Robert Mangold: Column Paintings (Chelsea)

Robert Mangold: Column Paintings (Chelsea)

Friday, October 15, 2004–Saturday, November 13, 2004

Robert Mangold: Column Paintings FOR IMMEDIATE RELEASE

For further information, please contact Sarah Kurz at:
212-421-3292, or [email protected]

Artist reception to be held on Thursday, October 14, 2004

New York, October 12, 2004 - This week an exhibition of new column paintings by Robert Mangold will be on view at PaceWildenstein, 534 West 25th Street, New York City from October 15 through November 13, 2004. The public is invited to attend a preview of Robert Mangold: Column Paintings on Thursday, October 14 from 6 - 8 p.m. The exhibition will feature eight acrylic and black pencil on canvas works from 2003-2004 that range in size from 10' - 12' 1/4" tall to 1' - 3' wide, which will include one triptych, Three Column/ Figures 5, 2003. A full color catalogue with an essay by the novelist and essayist Francine Prose accompanies the exhibition.

Investigating Mangold's column paintings within the context of traditional artistic and architectural systems Prose writes, "Whatever we might have thought we knew about drawing, architecture and painting, about a curve or a wall or a column - all of it is quietly subverted, replaced with something new." By entering into a dialogue with the work, the viewer's conventional expectations, assumptions, and experience are subsequently altered. Prose also discusses the history of the column as a widely used art and architectural form, from the monumental Trajan's Column in Rome (c.113 A.D) to Brancusi's Endless Column (1938).

Robert Mangold (b. 1937, North Tonawanda, NY) studied at the Cleveland Institute of Art before attending the Yale University School of Art and Architecture; he received both B.F.A (1961) and M.F.A. (1963) degrees from Yale. Since his first solo exhibition in 1964, Mangold's work has been the subject of numerous one-person shows, traveling exhibitions and retrospectives exhibited throughout the United States and abroad including: Paintings 1964-1982 and Drawings and Prints at the Stedelijk Museum in Amsterdam (1982); Robert Mangold: Paintings 1971-1984 organized by the Akron Art Museum, Akron, OH with subsequent venues in New York, Texas and California (1984-86); and Robert Mangold: Painting as Wall, Werke von 1964 bis 1993 organized by the Hallen für neue Kunst, Schaffhausen, Switzerland and traveled to Paris, Germany and Portugal (1993-95). In 1998, the Museum Wiesbaden in Germany organized and exhibited Robert Mangold: Attic Series and Plane/Figure Paintings (1998-99) and awarded the artist the Alexej von Jawlensky-Preis der Stadt Wiesbaden Award.
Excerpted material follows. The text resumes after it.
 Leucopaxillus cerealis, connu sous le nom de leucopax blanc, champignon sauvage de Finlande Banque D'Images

On the occasion of that exhibition, a second and final portion of the catalogue raisonné of Mangold's work was published; the first portion of the catalogue raisonné was published in conjunction with the 1982 Stedelijk Museum exhibitions. Included three times in Documenta, Kassel, Germany (1972, 1977, 1982) and four times in the Whitney Museum of American Art Biennial (1979, 1983, 1985, 2004), Mangold's work has also been featured in the Venice Biennale (1993). In 2000, Phaidon Press published the first major monograph on Robert Mangold.
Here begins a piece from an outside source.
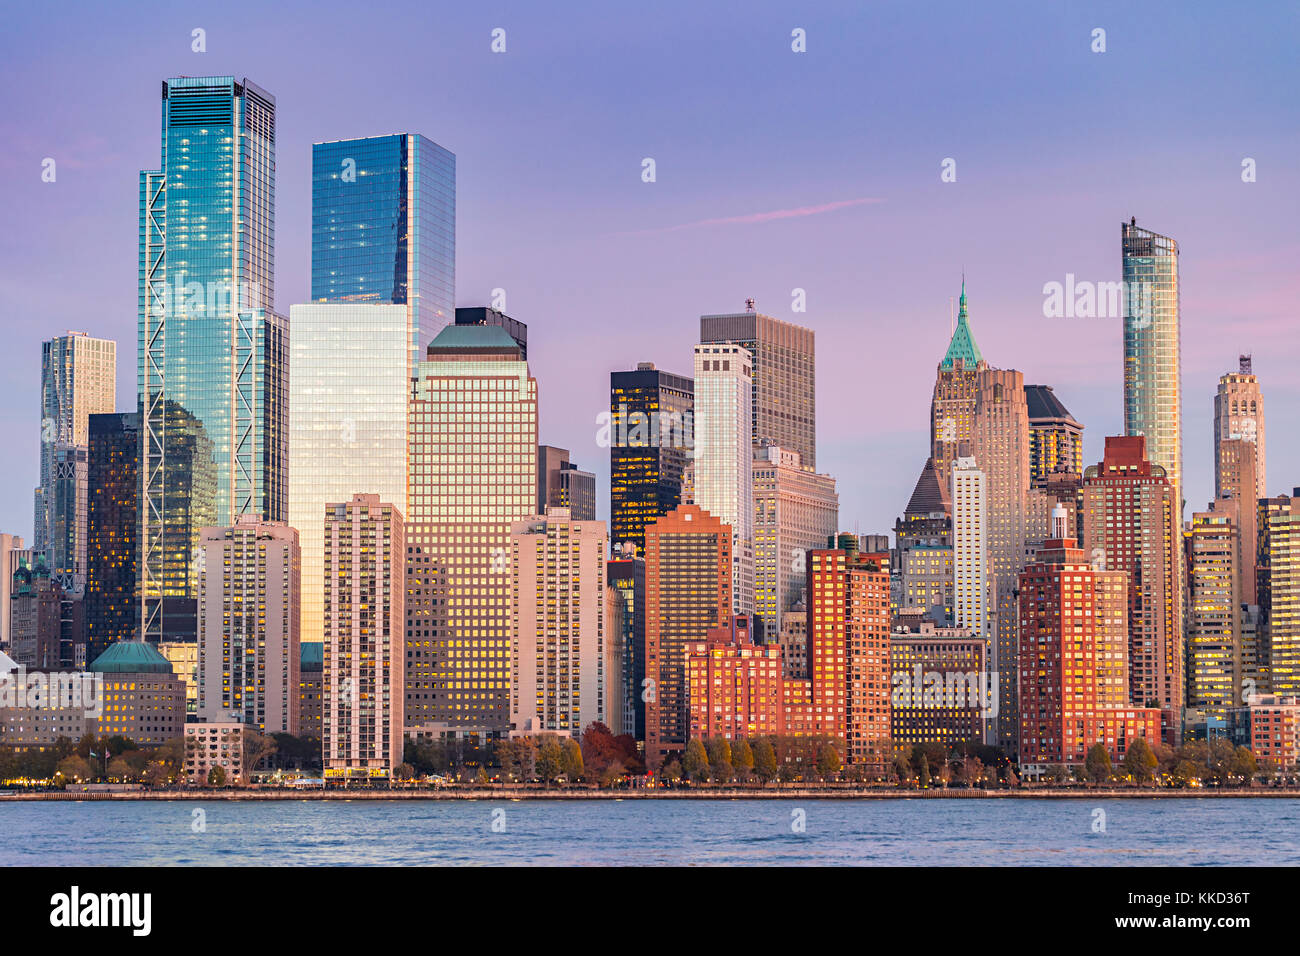 Les bâtiments en verre coloré dans la ville de New York, le centre-ville de Manhattan au soir Banque D'Images

Early in his career, Mangold received a National Endowment for the Visual Arts Fellowship (1967). In 1993 he was awarded the Skowhegan Medal for Painting from the Skowhegan School of Painting and Sculpture. Robert Mangold later became a trustee of Yale University Art Gallery and a member of the American Academy of Arts and Letters.

Mangold's work can be found in close to 75 public collections in the United States and abroad including: Albright-Knox Art Gallery, Buffalo; The Art Institute of Chicago; Bonnefantenmuseum, Maastricht, The Netherlands; Dallas Museum of Art; Fundació "la Caixa," Barcelona; Hirshhorn Museum and Sculpture Garden, Washington, DC; The Israel Museum, Jerusalem; The J. Paul Getty Trust, Malibu; Kunstmuseum, Basel; Los Angeles County Museum of Art; The Menil Collection, Houston; The Metropolitan Museum of Art, New York; Museum of Fine Arts, Boston; The Museum of Fine Arts, Houston; The Museum of Modern Art, New York; Museum Wiesbaden, Germany; San Francisco Museum of Modern Art; Solomon R. Guggenheim Museum, New York; Stedelijk Museum, Amsterdam; Tokyo Metropolitan Art Museum, Tokyo; Walker Art Center, Minneapolis; and Whitney Museum of American Art, New York.